Ptarmigan along trail to Lion Lake #1, Wild Basin, RMNP, Colorado


Another hour further up the trail, at 8:00 AM, I took this scenic shot with Mt Alice in the background. I had hiked up this way a month prior, but through deep wet snow, and I hadn't reached this point until about 10:00 AM. I felt good about my pace and hoped to be well on my way back down before noon to avoid any chance of getting caught high with afternoon storm activity.

Scenic view of rocky pond with Mt. Alice in the background, Wild Basin, RMNP, Colorado


Just 5 minutes later, I was at Lions Lake #1 and getting a shot with Chiefs Head in the background. This is where the trail starts to peter out though, and spotting cairns - assumed to be the path of least resistance - becomes a monotonous job.

Scenic view of Lion Lake #1 with Chiefs Head Peak in the background, Wild Basin, RMNP, Colorado


At 8:30 AM, I stopped for a picture of Trio Falls, but when I got home and looked at the shot, there appears to have been a mosquito on the lens. At least that’s one that wasn’t getting my blood.

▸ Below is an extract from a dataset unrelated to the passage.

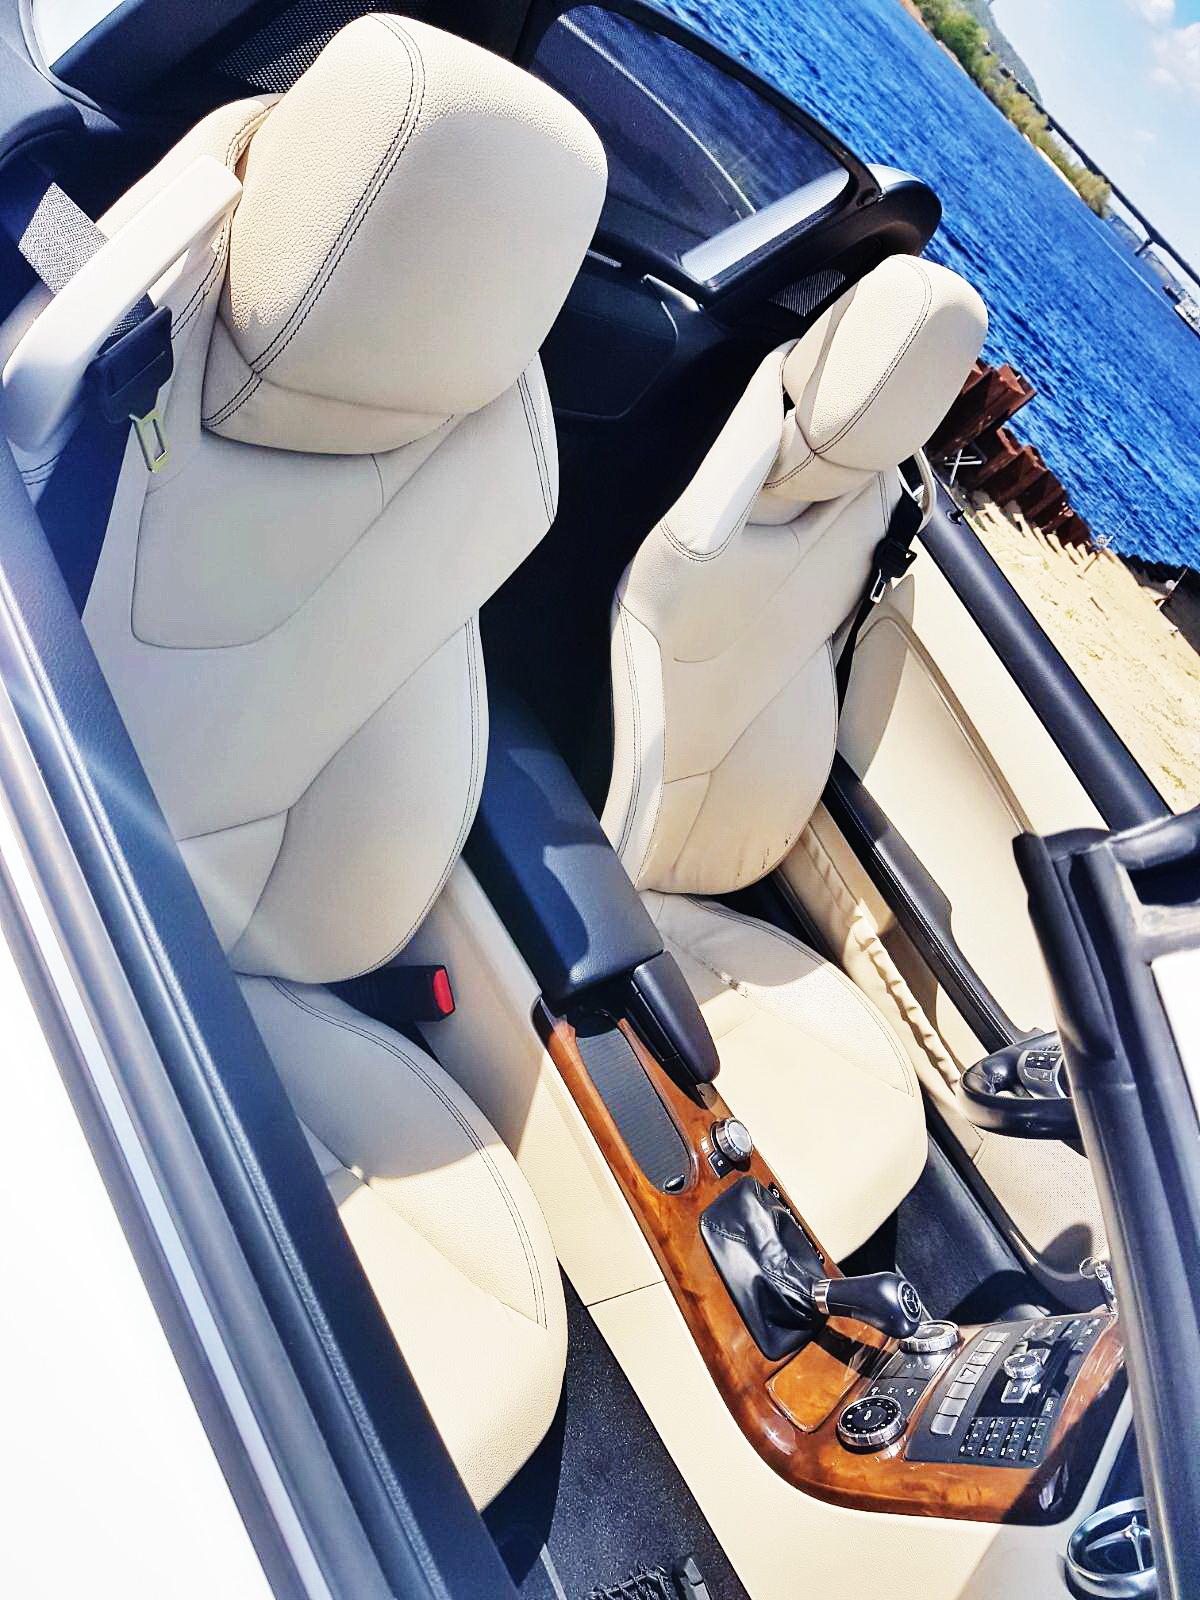 Mercedes SLK 250 cabrio

Trio Falls, above Lion Lake #1, Wild Basin, RMNP, Colorado


With all the rock hopping, and at about 12,500 feet in elevation now, my pace was slowing to a crawl. At about 10:25 AM, I was still about 3/4 of a mile and 1,000 vertical feet from the summit. I took a quick look around for any signs of weather coming in, and then looked up the long west slopes to the west ridge and slowly moved on.

Looking up the west slopes leading to the west ridge of Chiefs Head Peak, Wild Basin, RMNP, Colorado


I like this shot of the upper north face of Chiefs Head, with Pagoda and Mt Meeker in the background. At the time though, I had just come up over a false summit, and realizing I still had two to three hundred vertical feet and about twenty minutes to go, my appreciation of the view was limited. I believe it was here where the ridge narrowed briefly to about 15 feet or so, and I carefully checked it out to be sure the rock was secure enough before I continued.

Upper two or three hundred vertical feet of Chiefs Head Peak’s north face, as seen from the west ridge


I finally reached the summit right about noon, and this shot, looking east along the ridge towards Pagoda Mountain, followed by Longs Peak and Mt Meeker, was the view I wanted. Something odd was going on though; the sound of an aircraft engine echoed all through the Glacier Gorge, on the north side of Chiefs Head. I looked around for the source, but I couldn't see anything.

East summit view from Chiefs Head Peak showing Pagoda Mountain, Longs Peak, and Mt Meeker


I wanted a picture of the Longs Peak Keyhole and the Keyhole Route trail crossing the steep wall on its right, but I was zoomed in pretty tight, and was having trouble keeping the camera steady enough for the shot. I got the shots and looking around again, I saw a rescue helicopter flying out of the gorge. It was the next morning when I realized that one of the Keyhole shots captured the helicopter with a basket hanging below. With an Internet search, I found, sadly, that this had been a body recovery.

West side of Longs Peak Keyhole with helicopter body recovery in progress


I eat a Cliff bar for lunch and then carefully slid over to the edge of the north face to get a shot looking down at Spearhead. It really looked broken up from this side: nothing like the view of its north and east sides with some great technical climbing routes.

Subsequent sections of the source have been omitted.